Abstract

Old age between myth and history (peasant reality from the mid-nineteenth century until 1939) The article deals with the reception of old age in folk culture. In terms of its content, it can be placed between history and ethnology. The author analyses the perception of old age in peasant culture in the post-emancipation period until the outbreak of the Second World War. His interdisciplinary analysis is based on modern historical and anthropological findings. Polish historians became interested in the history of old age in our times, although a major turn in the study of the phenomenon came in the 1980s in connection with research conducted by the authors of the Annales school. The present author stresses the placing of peasants’ old age in magical culture, its existence in myth. He focuses on demographic determinants, before moving to the reception of old age between loneliness and community, and pointing out that of importance in its reception was the stigma alienating this age group. It is harder to speak of positive old age in the case of old people. The space in which seniors were present was daily life.
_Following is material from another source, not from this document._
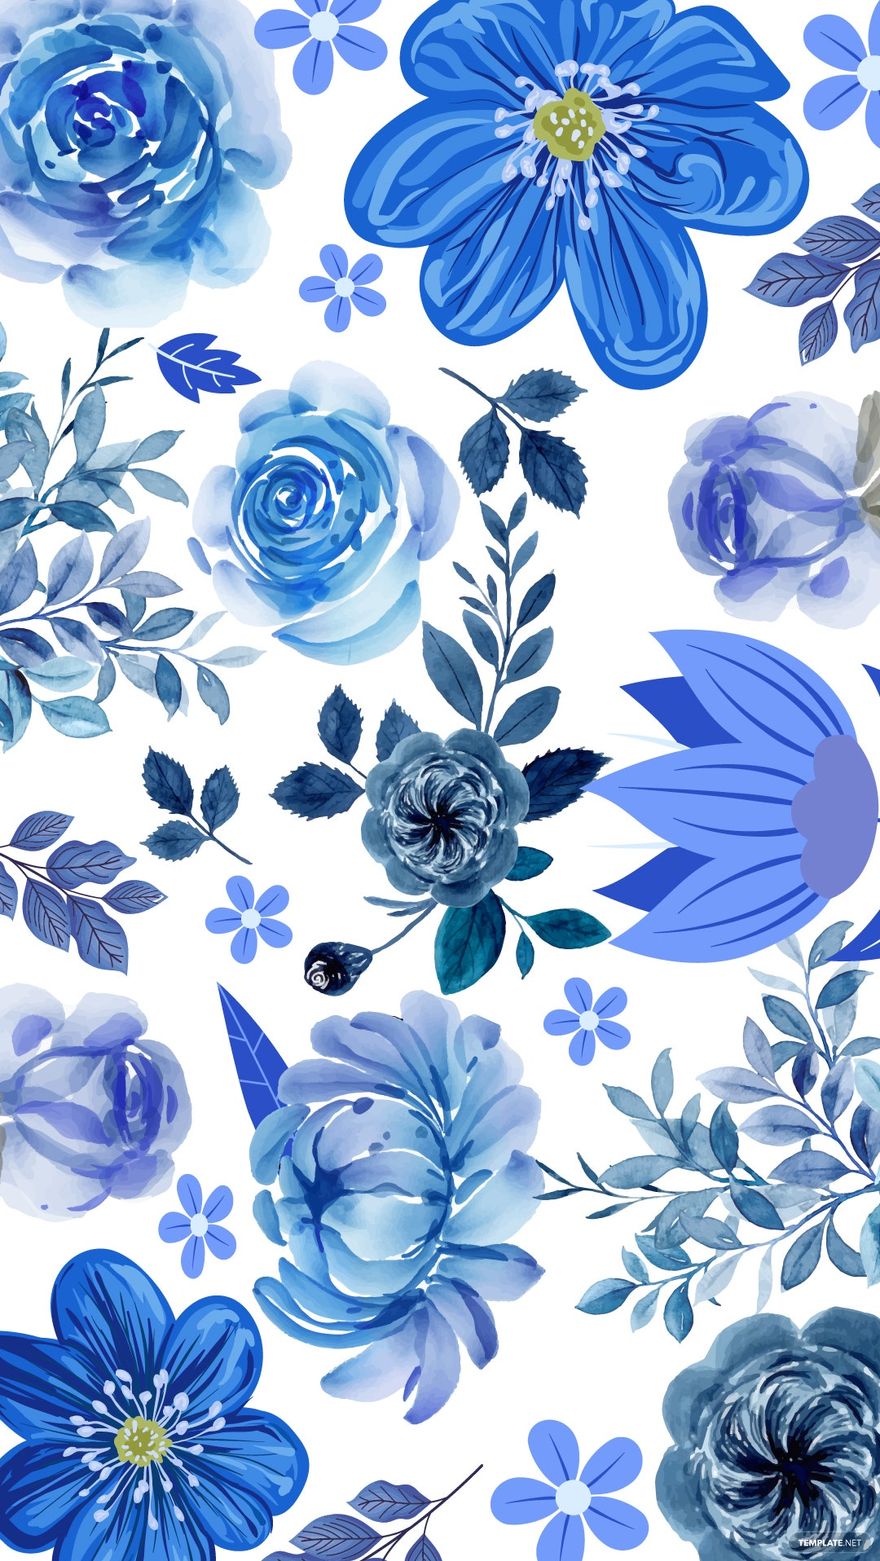 Free Royal Blue Floral Background - EPS, Illustrator, JPG, SVG |  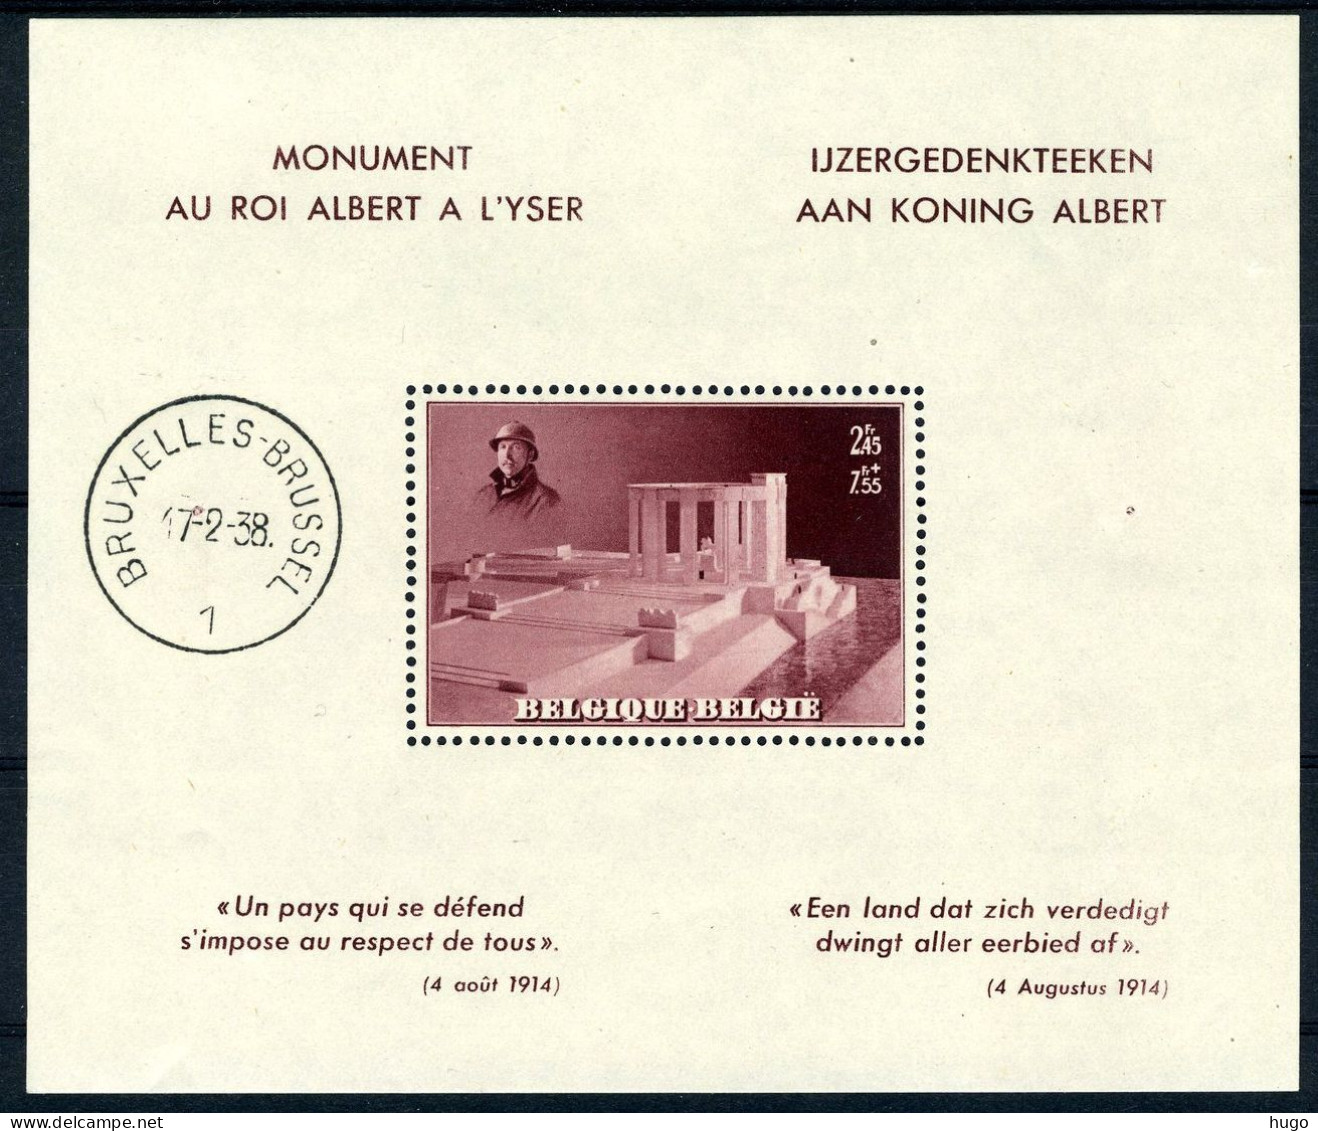 Blok 8 MNH 1938 - Gedenkteken Van Z.M. Koning Albert 1 In Nieuwpoort. - 1924-1960

This element of reality is confirmed by life contracts — rarely analysed by historians — concluded between seniors and their children inheriting their farmsteads. Comparing the practices from the inter-war period, the author juxtaposes two regions contrasting in terms of their traditions of inheritance: Wielkopolska and Małopolska. He cites fragments of life contracts from the border region between Kuiavia and Wielkopolska, and refers to last wills as well as registers of deaths. In the conclusion the author confirms the thesis that among peasants old age was perceived in terms of thinking that was both binary and extreme; he observes that there was a noticeable weakening of violence against seniors, and a limitation of brutality as well as its condemnation in the social discourse. In addition, he points to a growing tabooisation of old age, typical of modern culture.